In der letzten von den zahllosen Lyrik-Rezensionen, die er für diese Zeitung geschrieben hat, beschäftigte sich Harald Hartung mit dem Zusammenklang von innerer Stimme und dem Gewicht der Welt. Da er selbst dichtete, wusste er nur zu gut, wovon er sprach, wenn er Kollegen Neugier aufs aktuelle Geschehen anempfahl, zugleich aber darauf bestand, dass es auch eine lyrische Notwendigkeit für das geben musste, was dann darüber zu Papier gebracht wird. Und dazu kam noch die Kompetenz des Literaturwissenschaftlers, der von 1971 bis 1998 einen Lehrstuhl an der Technischen Universität Berlin bekleidete und sich dort bevorzugt experimenteller Literatur widmete – deutscher wie internationaler Provenienz.
Als erster Akademiker seiner Familie setzte der 1932 geborene Hartung mit der Intensität seiner Beschäftigungen jenes Arbeitsethos fort, das er vom Vater übernommen hatte, einem Bergmann im Ruhrgebiet.
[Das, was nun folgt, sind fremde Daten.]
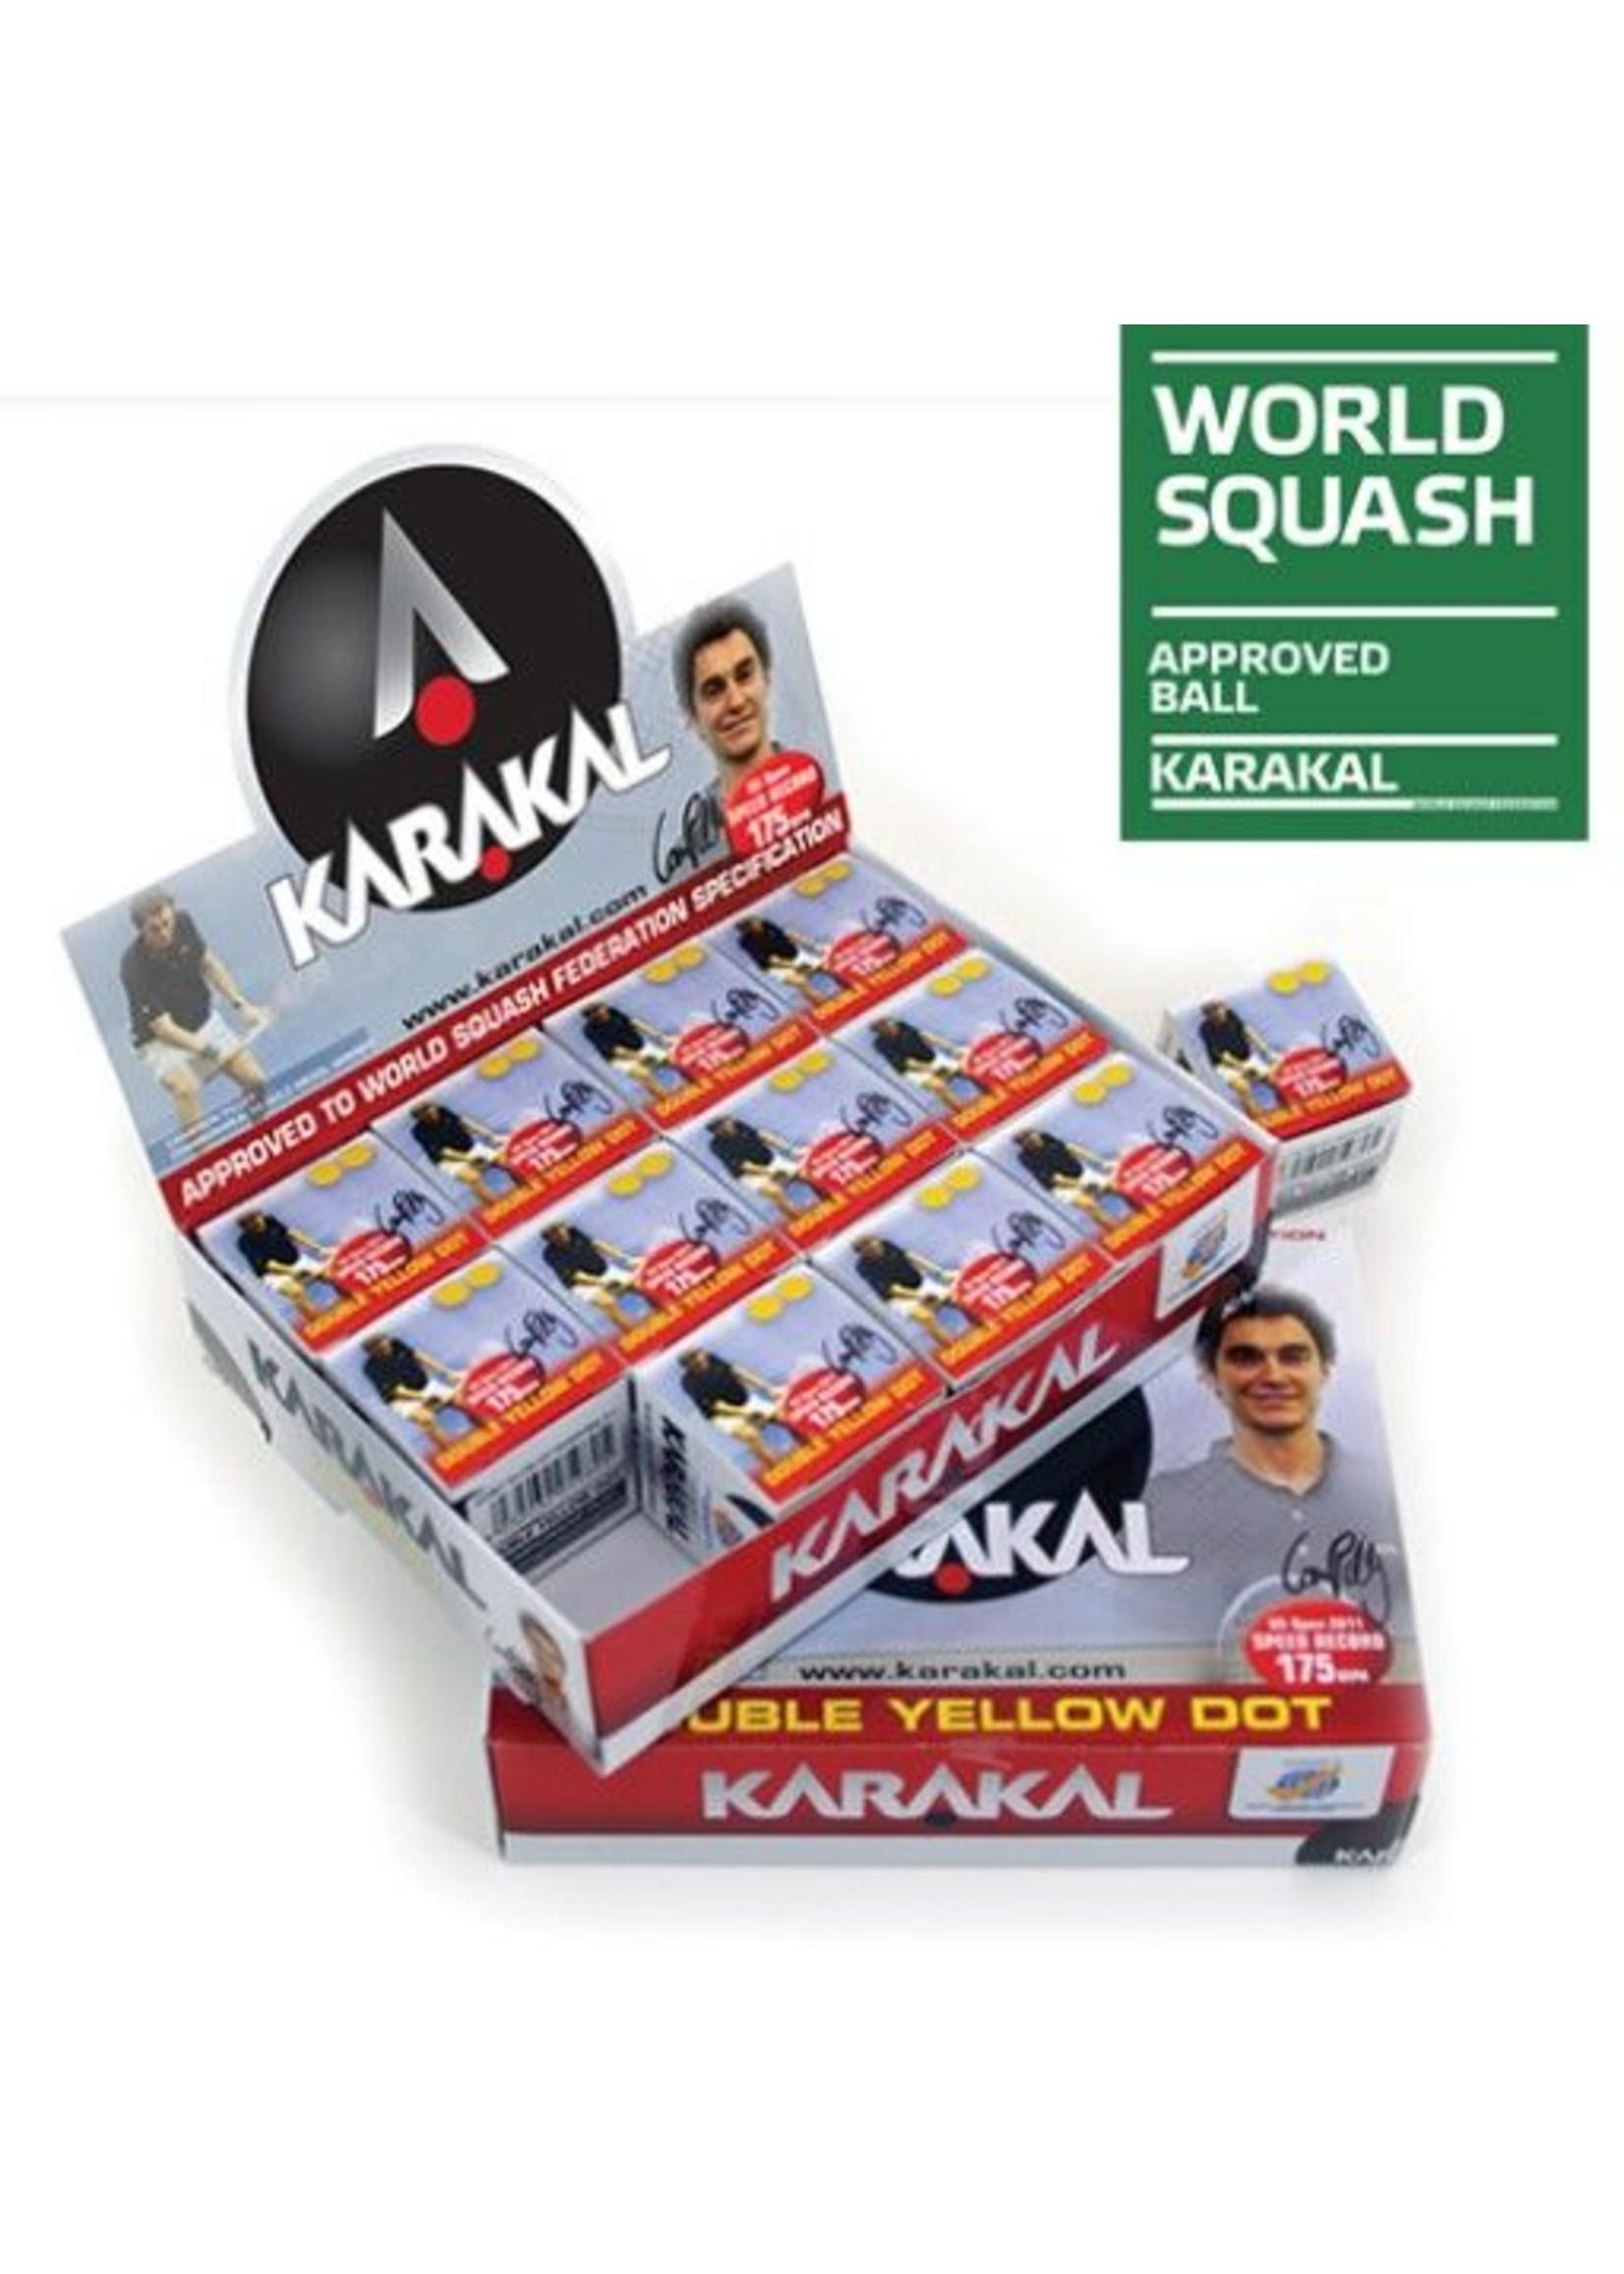 Karakal Karakal Squash Ball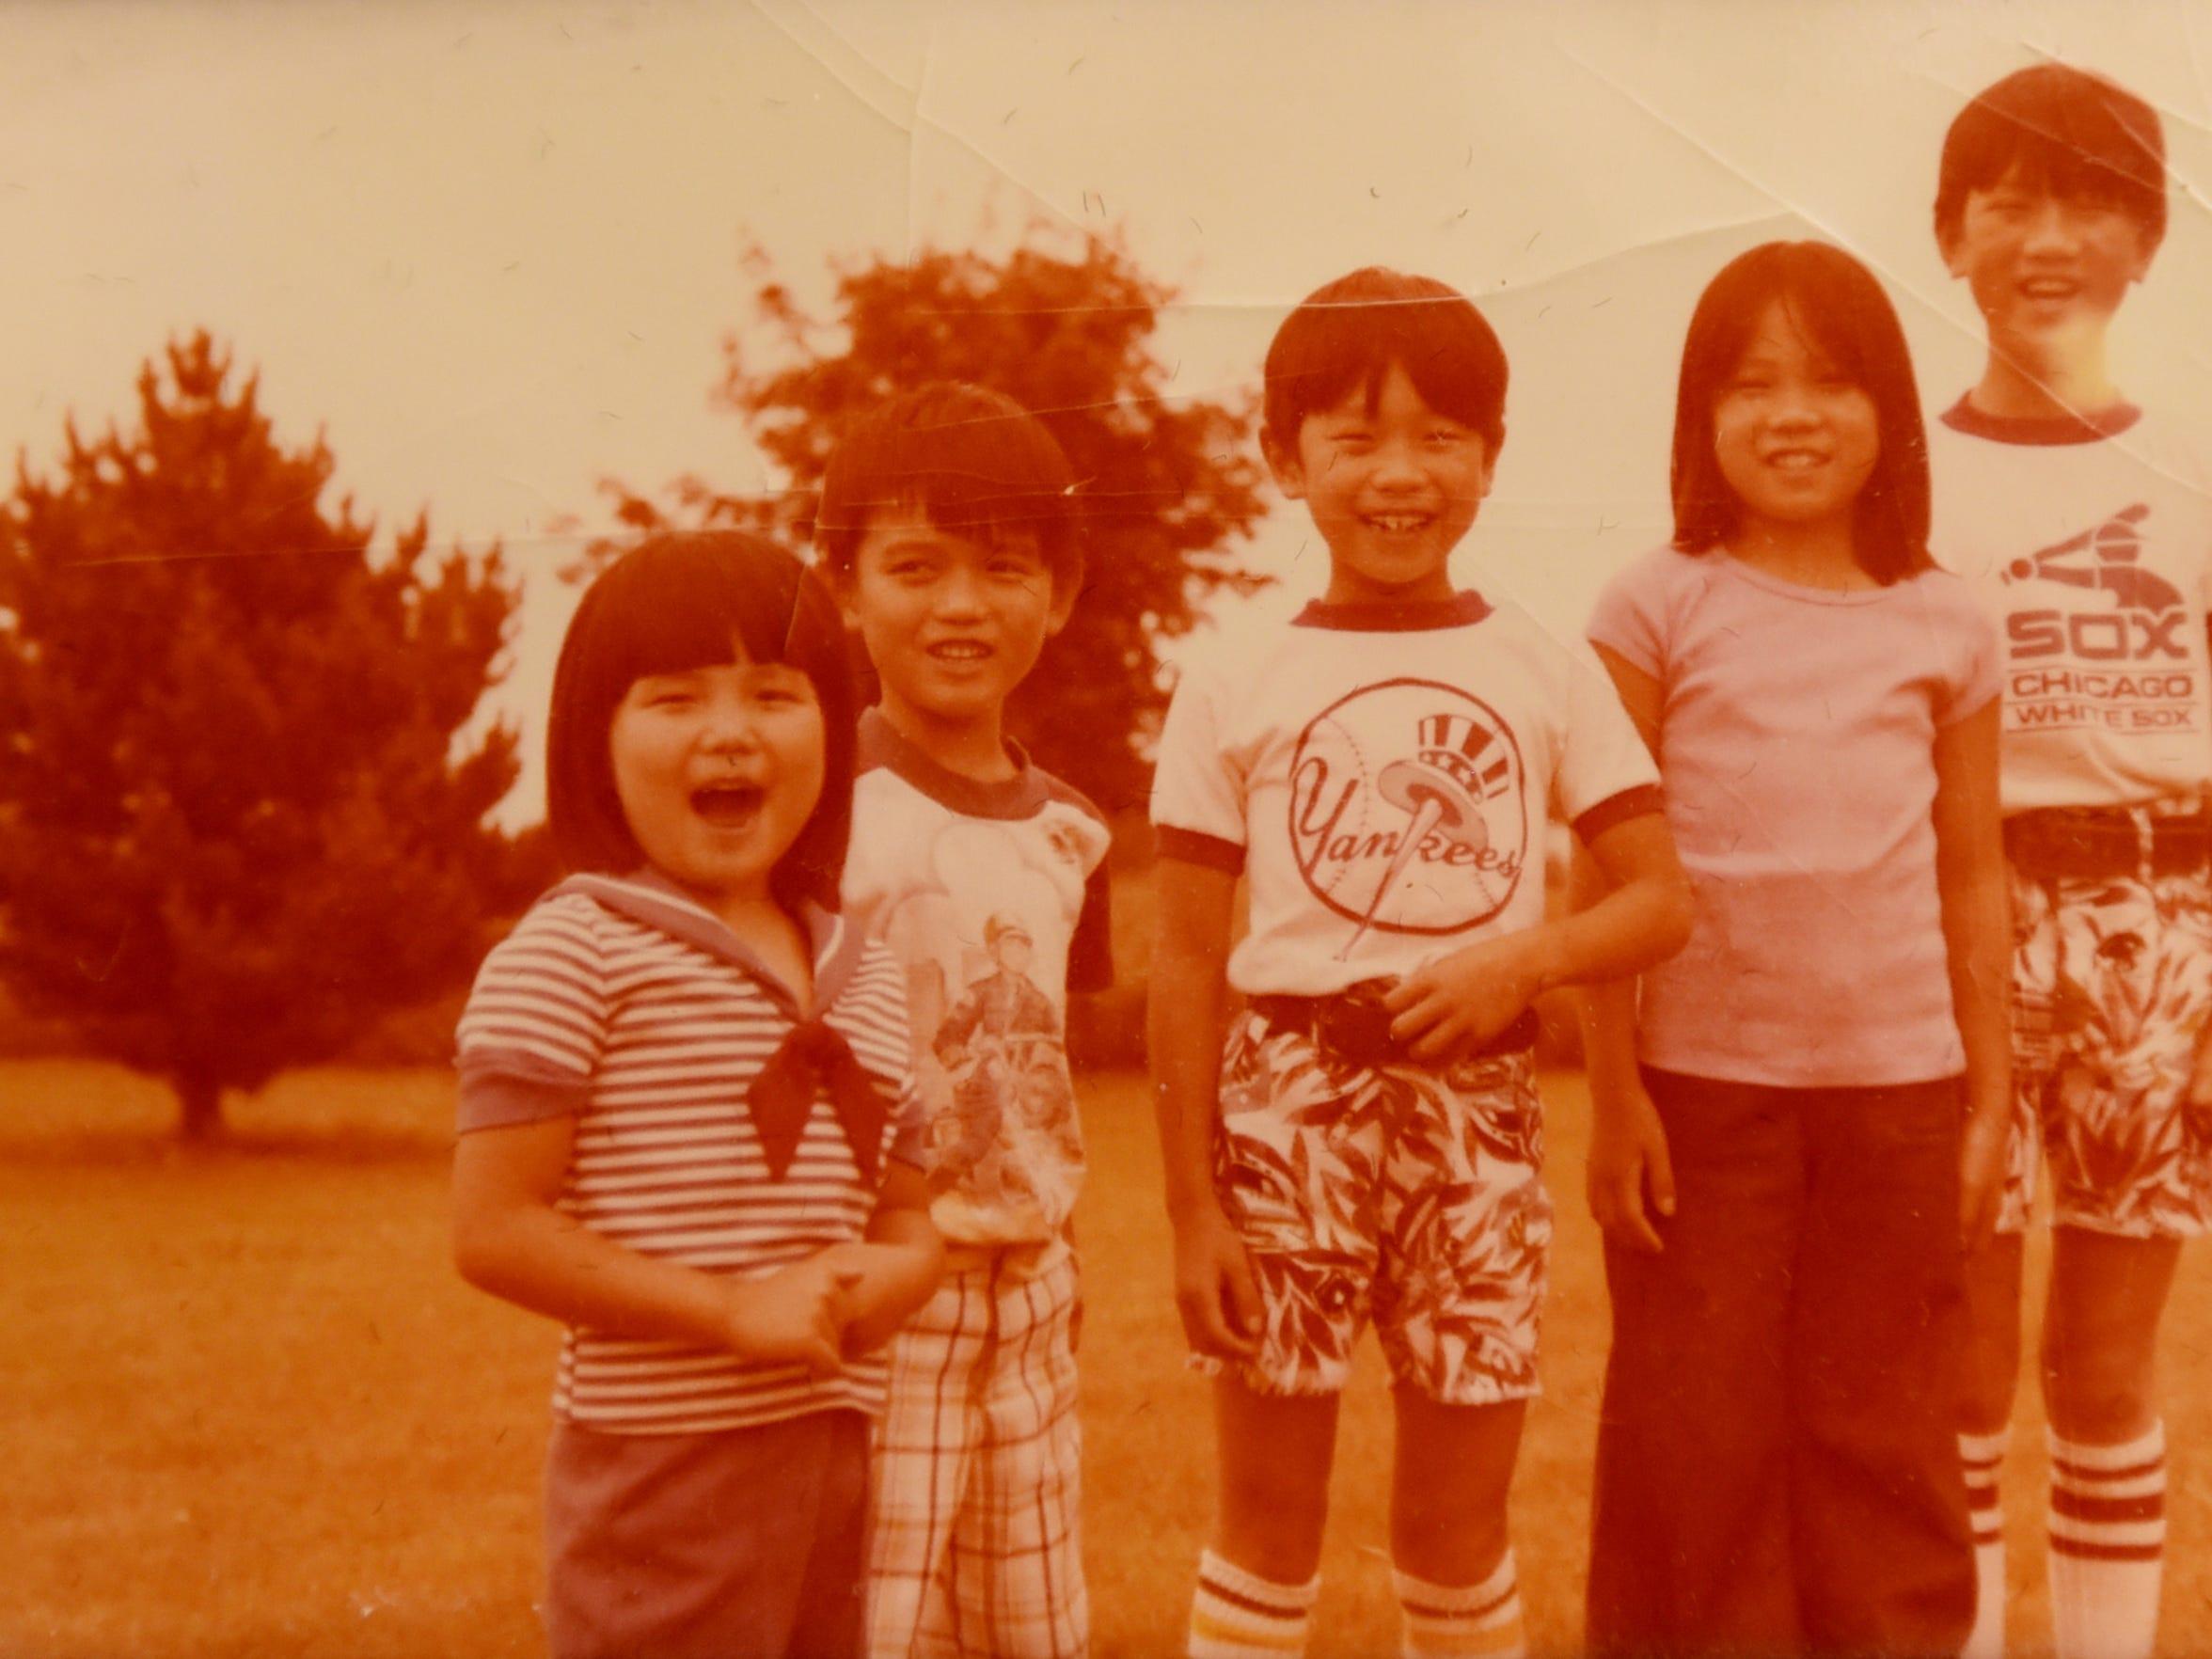 Hang (Hanna) Thi Hoang and siblings in a family photo.

Tiefschürfend waren Hartungs Texte immer. Kein Wunder, dass er 1974 zu der Gruppe neuer Rezensenten zählte, die Marcel Reich-Ranicki nach dem Antritt als Literaturchef der F.A.Z. für die Mitarbeit am Literaturblatt der Zeitung gewann.
Er hat sich immer vorrangig als Dichter empfunden
Es folgte auch gleich die Aufnahme eines Gedichts von Hartung („Das Paar“ aus dem im selben Jahr erschienenen Band „Reichsbahngelände“) in die damals gerade neu eingerichtete „Frankfurter Anthologie“, und nach zehnjähriger Zusammenarbeit bekam Hartung ein Lob zugeschickt, wie man es in Reich-Ranickis Korrespondenzen selten liest: „Ohne Ihre Manuskripte ist unser ganzer Literaturteil schlapp und reizlos.“ Danach handelten auch alle seine Nachfolger, so dass Hartung bis ins neunzigste Lebensjahr ständiger Rezensent blieb und auch immer wieder interpretierender Beiträger zur „Frankfurter Anthologie“. Niemand sonst aus der anfänglichen Reich-Ranicki-Kritikerriege war der Zeitung so lange als Aktiver treu. Und sie ihm.
Hartungs Aktivitäten waren aber noch breiter gefächert. Nicht nur, dass er gemeinsam mit seiner Frau Freia ein begeisterter Bergwanderer war, er leitete auch mehrere Jahre lang das Literarische Colloquium Berlin, und die Zahl der von ihm verfassten und herausgegebenen Bücher stieg nach der Emeritierung noch einmal an: Zuletzt kam 2023 bei Wallstein der Aufzeichnungsband „Provisorische Schlüsse“ heraus – ein paradoxer Titel angesichts der Sicherheit des Urteils und der Präzision des lyrischen Schaffens.
Da Harald Hartung sich ungeachtet seiner reichhaltigen wissenschaftlichen und rezensorischen Tätigkeit immer vorrangig als Dichter empfunden hat, sei im Angedenken an diesen am vergangenen Samstag im Alter von 92 Jahren nach längerer Krankheit gestorbenen wunderbaren Autor sein Debütgedicht aus der „Frankfurter Anthologie“ noch einmal abgedruckt: „Das Paar / das Hand in Hand über / die Wiese hüpft und nicht / still sein kann weil / es sich Zigaretten / anzündet auf dem / federnden grünen / Trampolin / ist glücklich solang / Musik zu hören ist. / Draußen in den Anlagen / das Grün ist schwarz. / In der Stille riecht / man den Tod. / Er ist die Musik / die man nicht mehr / hört.“ Harald Hartungs innere Stimme jedoch wird uns bleiben.